Given data:
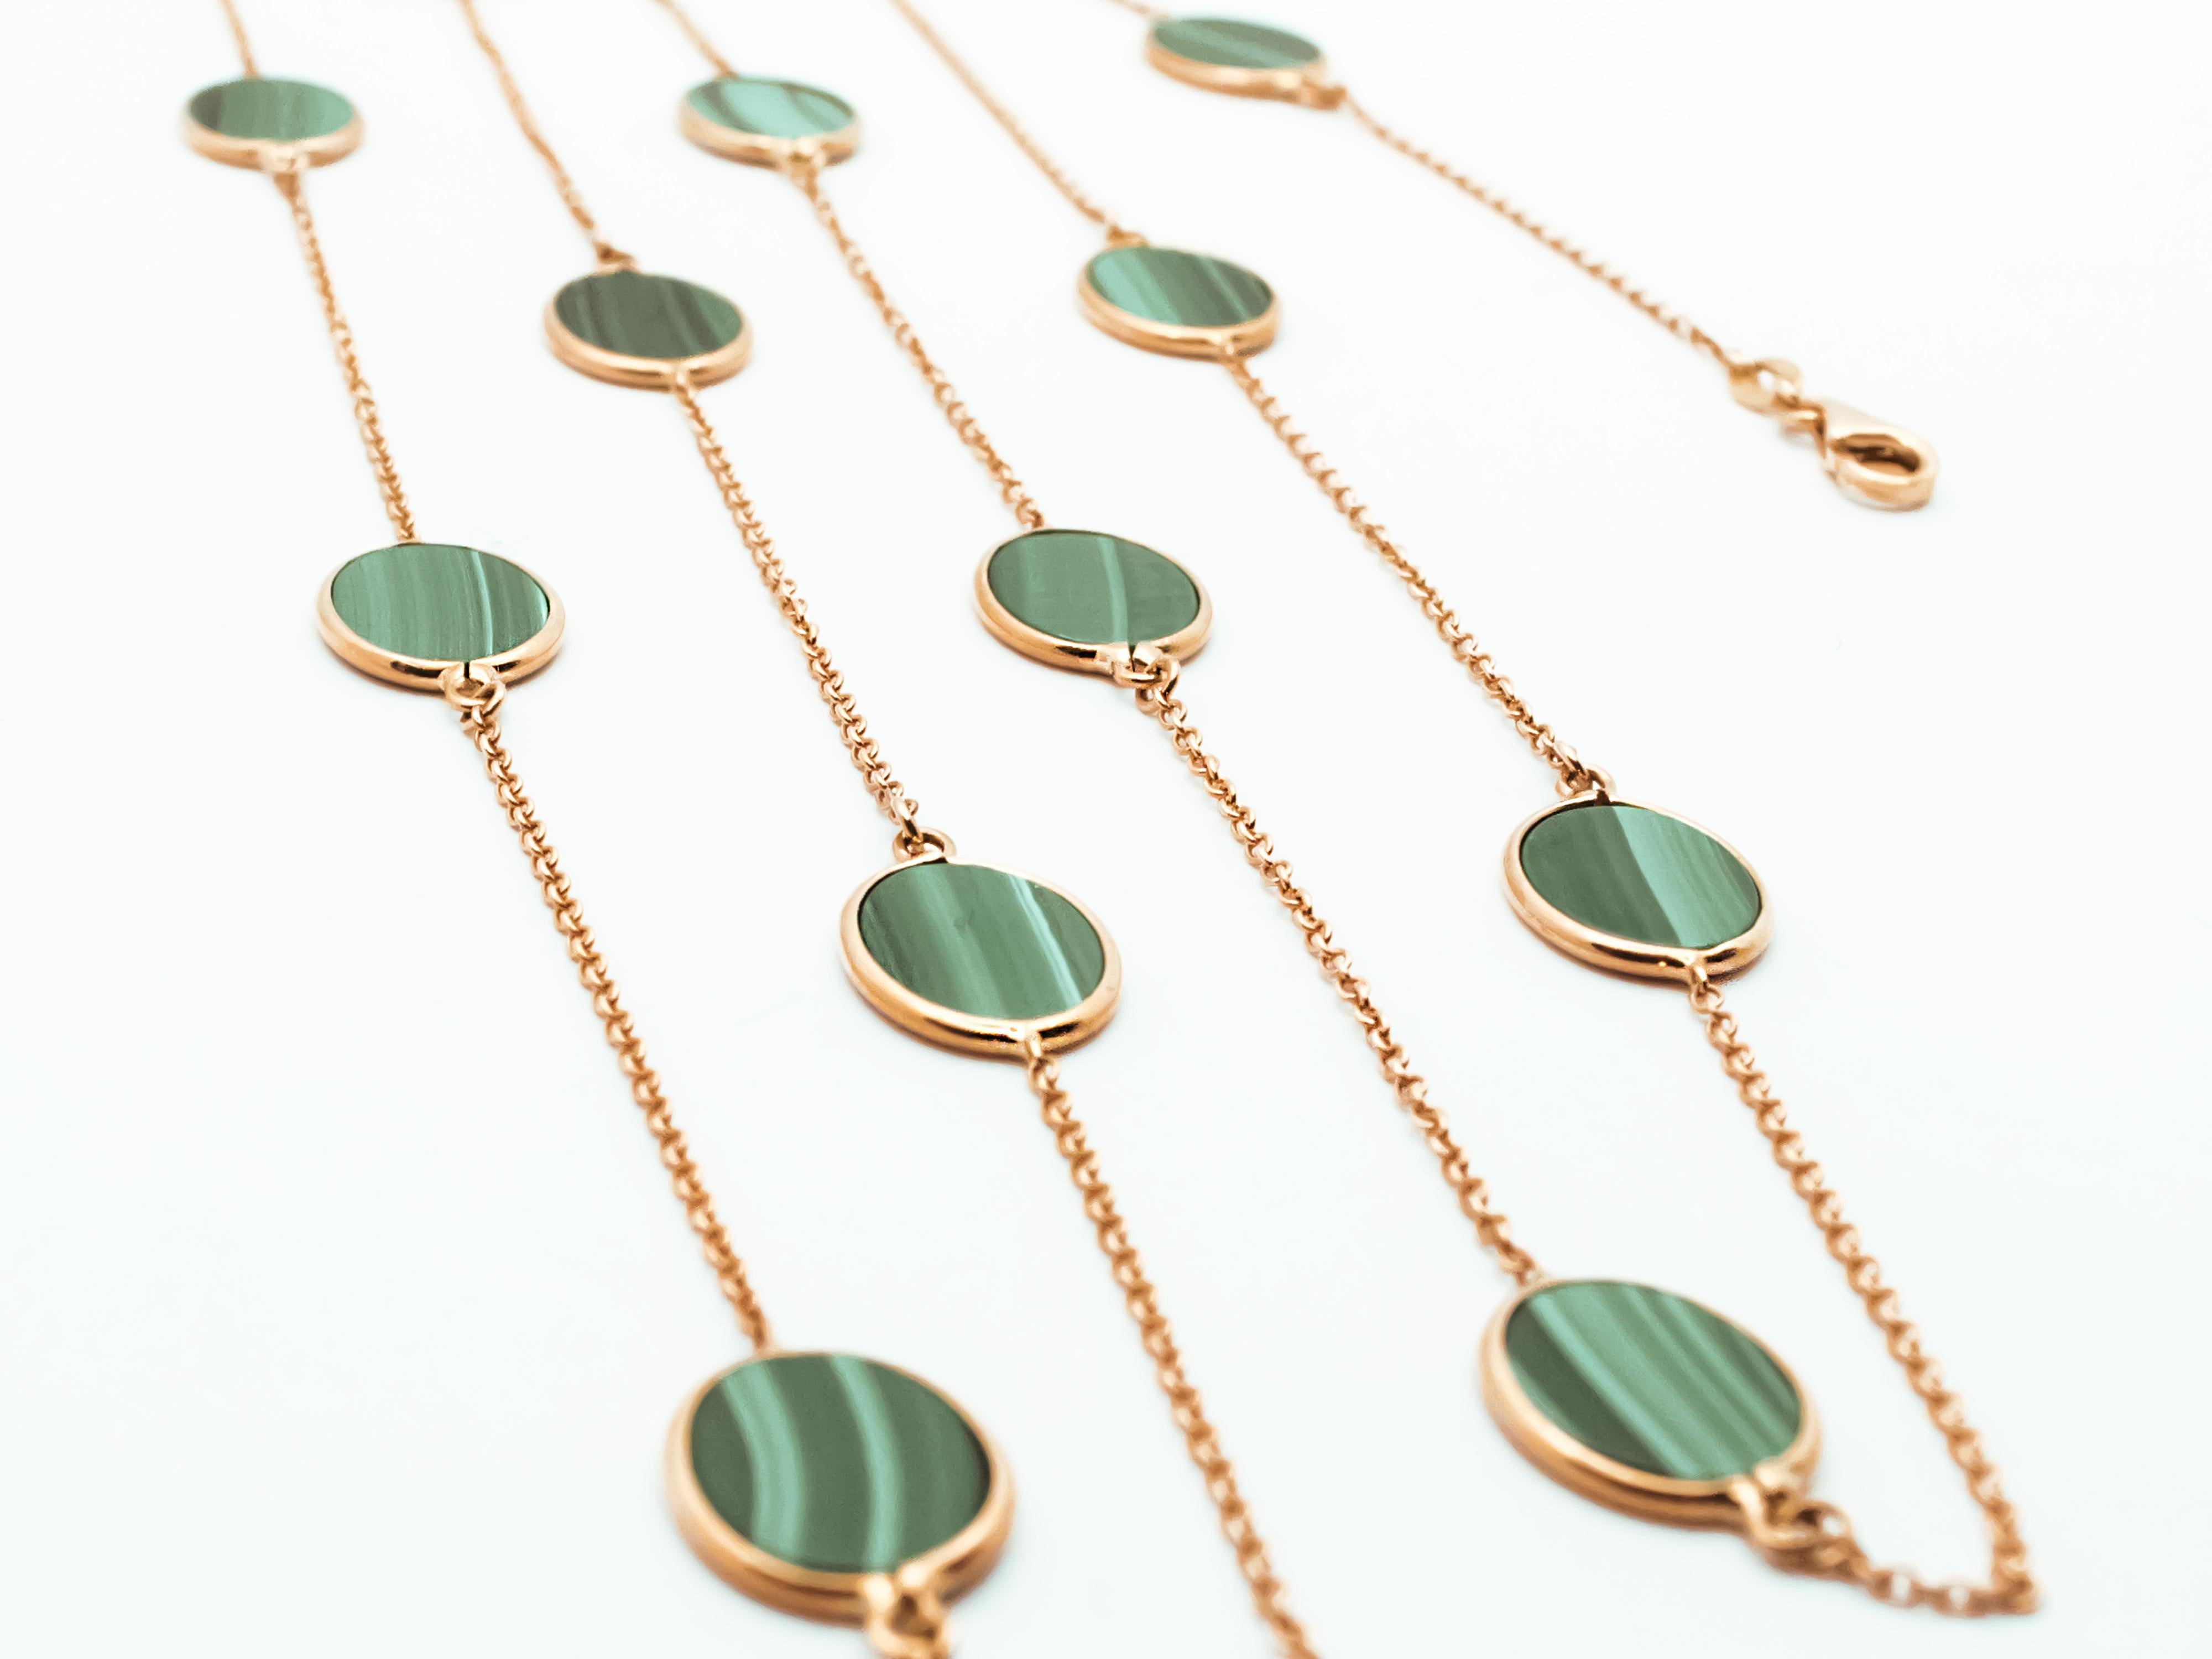 A long necklace in 18 kt rose gold and malachite.
Its total weight is 10.1 gr
The necklace is 80 cm long that can be worn either long or double twisted.
By customizing its length, it can also be worn as a multi-turn bracelet.
Oval-cut malachite is
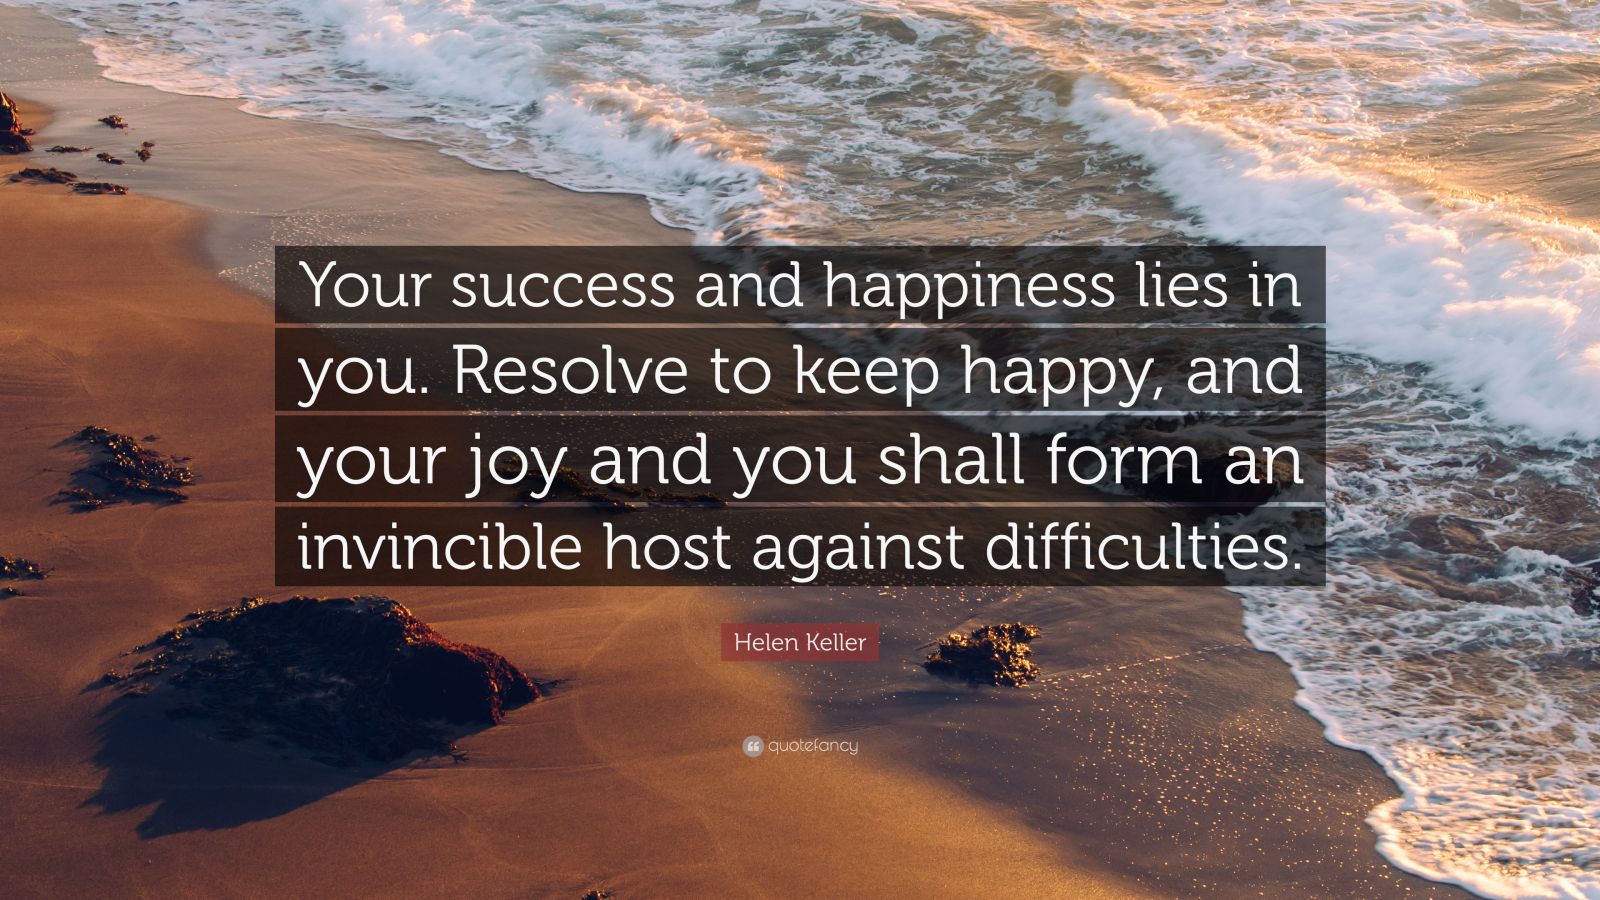 Helen Keller Quote “Your success and happiness lies in you. Resolve to
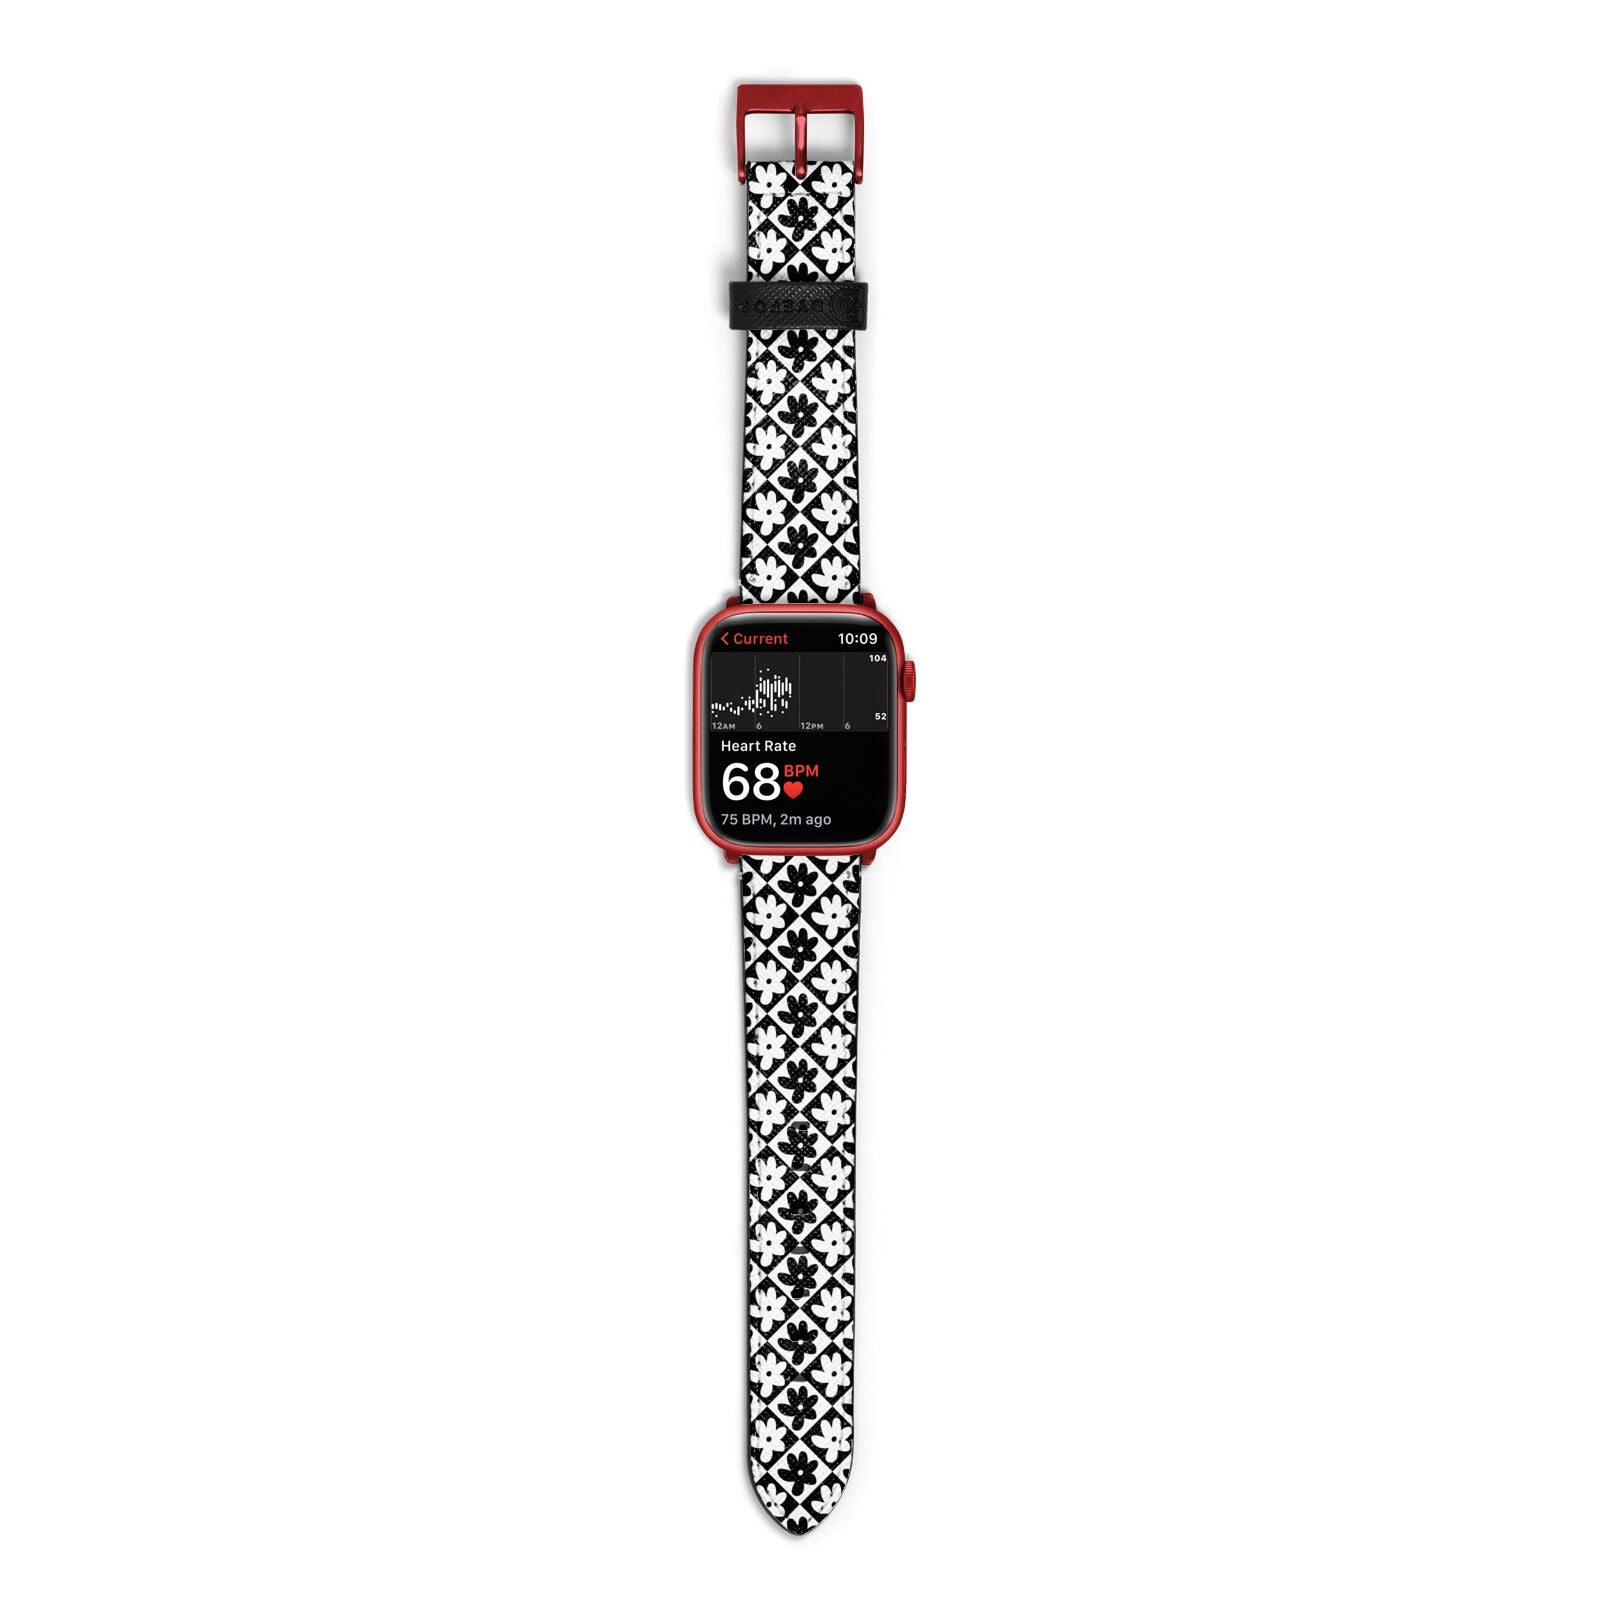 Check Flower Apple Watch Strap Size 38mm with Red Hardware

Task: Only the text of the records is to be reproduced exactly; skip the pictures.

Your solution:
 A long necklace in 18 kt rose gold and malachite.
Its total weight is 10.1 gr
The necklace is 80 cm long that can be worn either long or double twisted.
By customizing its length, it can also be worn as a multi-turn bracelet.
Oval-cut malachite is
 Helen Keller Quote “Your success and happiness lies in you. Resolve to
 Check Flower Apple Watch Strap Size 38mm with Red Hardware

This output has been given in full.